Example: I just launch two commands quickly after each other, and I saw:
$ wget http://localhost/eos/opendata/atlas/OutreachDatasets/2020-01-22/GamGam.zip
--2020-11-19 11:56:39-- http://localhost/eos/opendata/atlas/OutreachDatasets/2020-01-22/GamGam.zip
Resolving localhost (localhost)... ::1, 127.0.0.1
Connecting to localhost (localhost)|::1|:80... connected.
HTTP request sent, awaiting response... 403 Forbidden
2020-11-19 11:56:40 ERROR 403: Forbidden.
$ $ wget http://localhost/eos/opendata/atlas/OutreachDatasets/2020-01-22/GamGam.zip
--2020-11-19 11:56:44-- http://localhost/eos/opendata/atlas/OutreachDatasets/2020-01-22/GamGam.zip
Resolving localhost (localhost)... ::1, 127.0.0.1
Connecting to localhost (localhost)|::1|:80... connected.
HTTP request sent, awaiting response... 200 OK
Length: 1594567234 (1.5G) [application/zip]
Saving to: ‘GamGam.zip’
The 403 is a rather frequent error by the underlying reverse proxy that we also worked around in #91 via size and checksum.
After we introduce exit status based retry, we could probably remove that check-error-page-size-and-checksum hack.
Example: 206 Partial Content situation occurred several times while downloading one big file via wget
:
$ wget http://opendata.cern.ch/eos/opendata/cms/MonteCarlo2011/Summer11LegDR/BuToKstarMuMuV2_EtaPtFilter_7TeV-pythia6-evtgen/AODSIM/PU_S13_START53_LV6-v1/00000/000043B3-0E0B-E411-B2FE-0026189438E9.root
--2020-06-24 14:53:19-- http://opendata.cern.ch/eos/opendata/cms/MonteCarlo2011/Summer11LegDR/BuToKstarMuMuV2_EtaPtFilter_7TeV-pythia6-evtgen/AODSIM/PU_S13_START53_LV6-v1/00000/000043B3-0E0B-E411-B2FE-0026189438E9.root
Resolving opendata.cern.ch (opendata.cern.ch)... 188.184.93.89, 188.185.82.144, 188.184.28.138
Connecting to opendata.cern.ch (opendata.cern.ch)|188.184.93.89|:80... connected.

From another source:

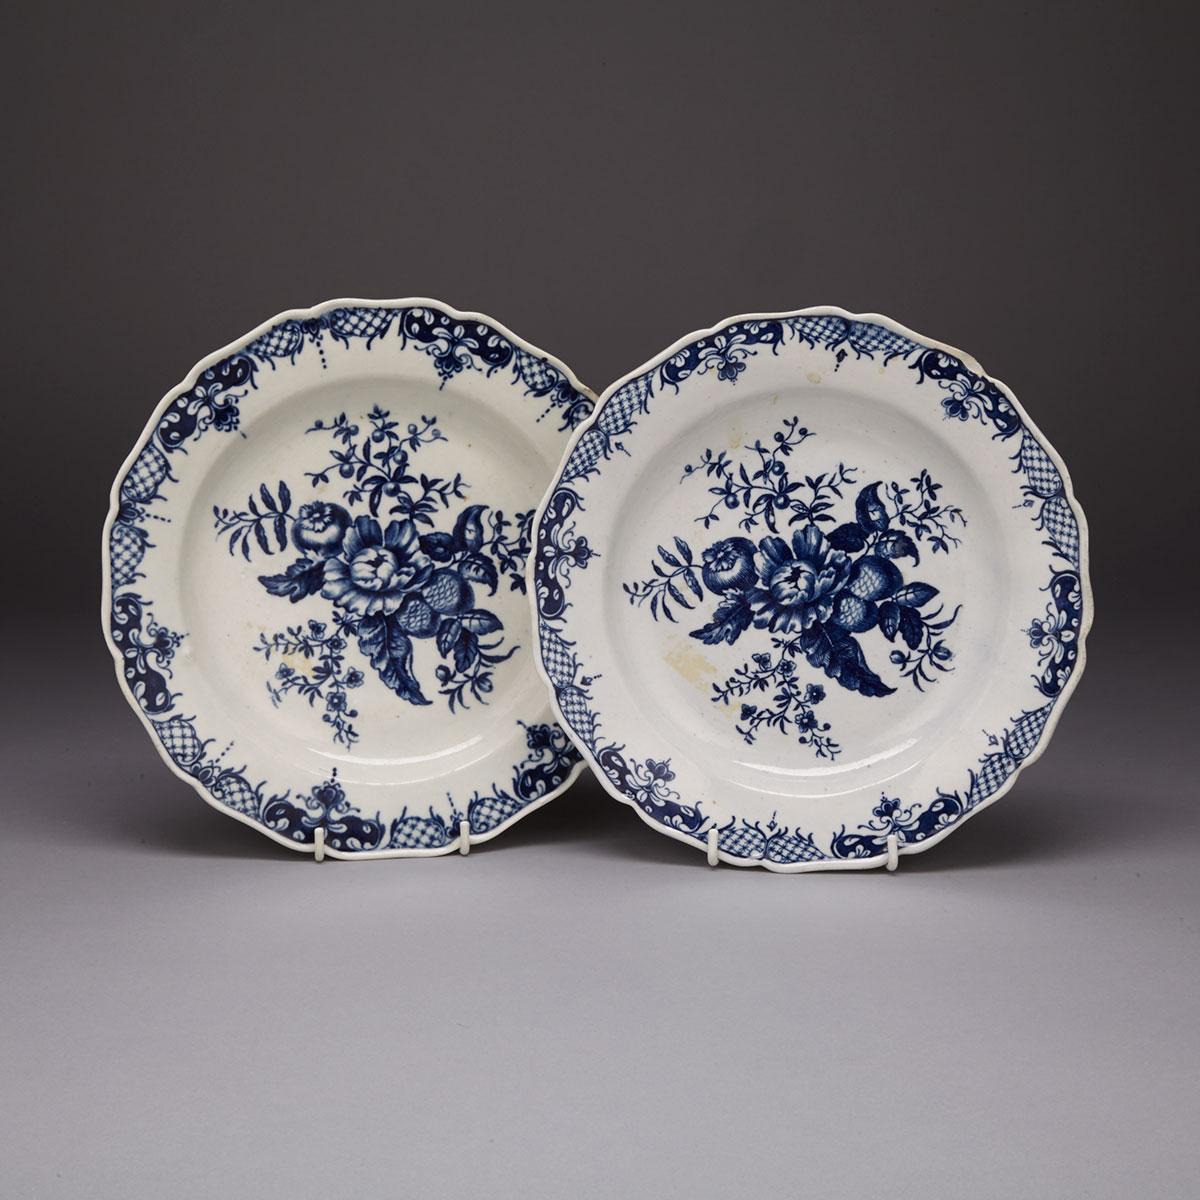 Two Worcester Blue Printed ‘Pine Cone’ Pattern Plates, c.1775

HTTP request sent, awaiting response... 200 OK
Length: 4011567937 (3.7G) [application/octet-stream]
Saving to: ‘000043B3-0E0B-E411-B2FE-0026189438E9.root.1’
000043B3-0E0B-E411-B2FE-0026189438E9.root.1 26%[=========================================> ] 1.01G 7.82MB/s in 87s
2020-06-24 14:54:46 (11.9 MB/s) - Connection closed at byte 1081769706. Retrying.

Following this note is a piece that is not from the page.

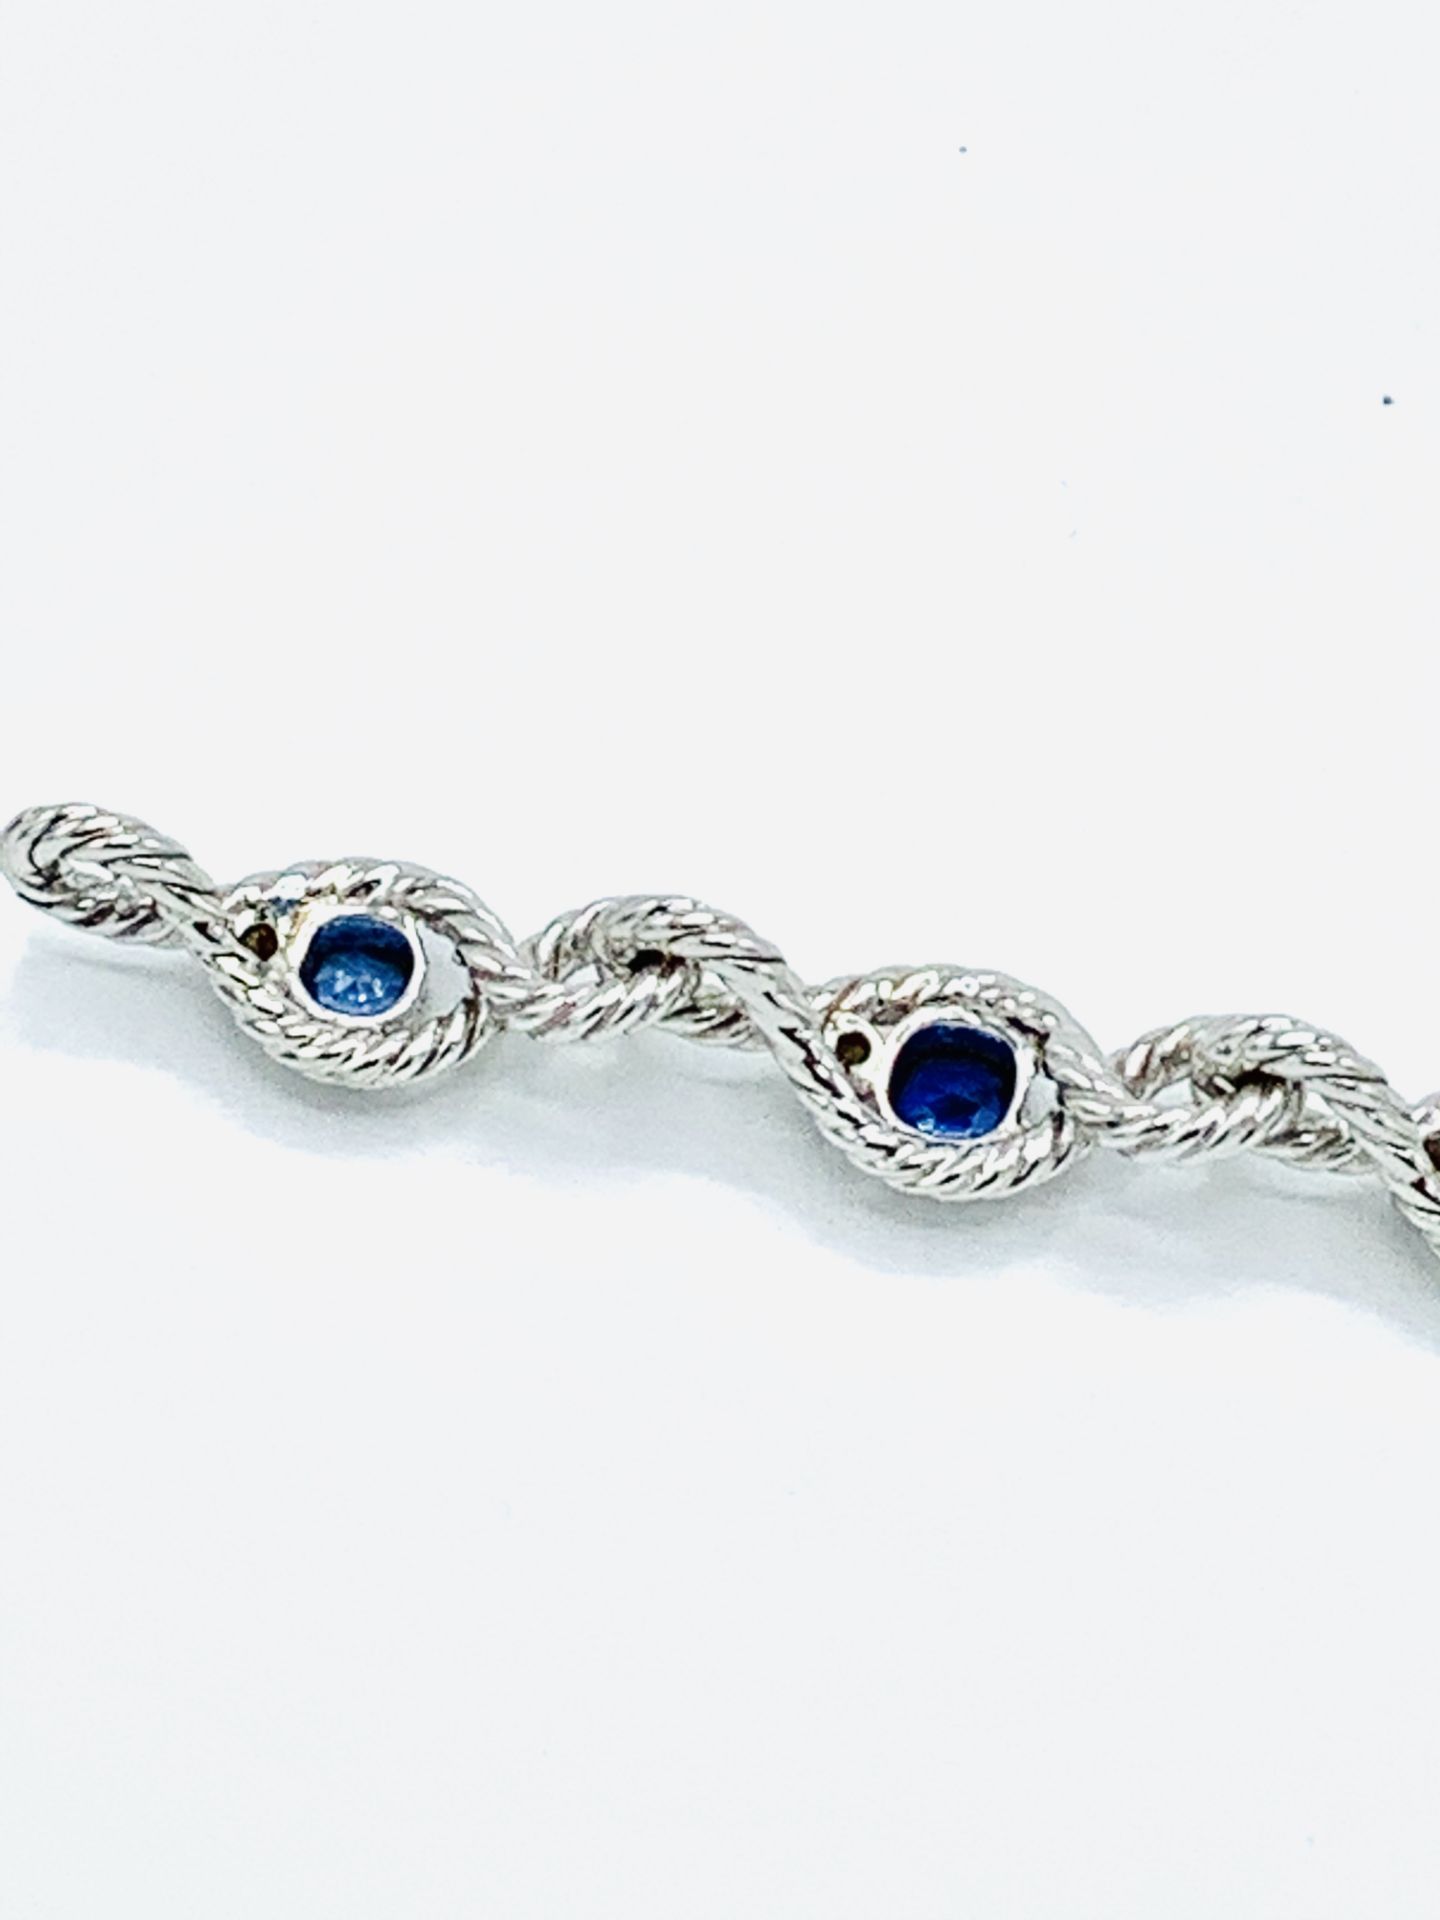 18ct white gold and graduated sapphire twisted bracelet. - Image 6 of 8

--2020-06-24 14:54:47-- (try: 2) http://opendata.cern.ch/eos/opendata/cms/MonteCarlo2011/Summer11LegDR/BuToKstarMuMuV2_EtaPtFilter_7TeV-pythia6-evtgen/AODSIM/PU_S13_START53_LV6-v1/00000/000043B3-0E0B-E411-B2FE-0026189438E9.root
Connecting to opendata.cern.ch (opendata.cern.ch)|188.184.93.89|:80... connected.
HTTP request sent, awaiting response... 206 Partial Content
Length: 4011567937 (3.7G), 2929798231 (2.7G) remaining [application/octet-stream]
Saving to: ‘000043B3-0E0B-E411-B2FE-0026189438E9.root.1’
000043B3-0E0B-E411-B2FE-0026189438E9.root.1 29%[++++++++++++++++++++++++++++++++++++++++++===> ] 1.09G 11.5MB/s in 6.7s
2020-06-24 14:54:54 (12.6 MB/s) - Connection closed at byte 1169634135. Retrying.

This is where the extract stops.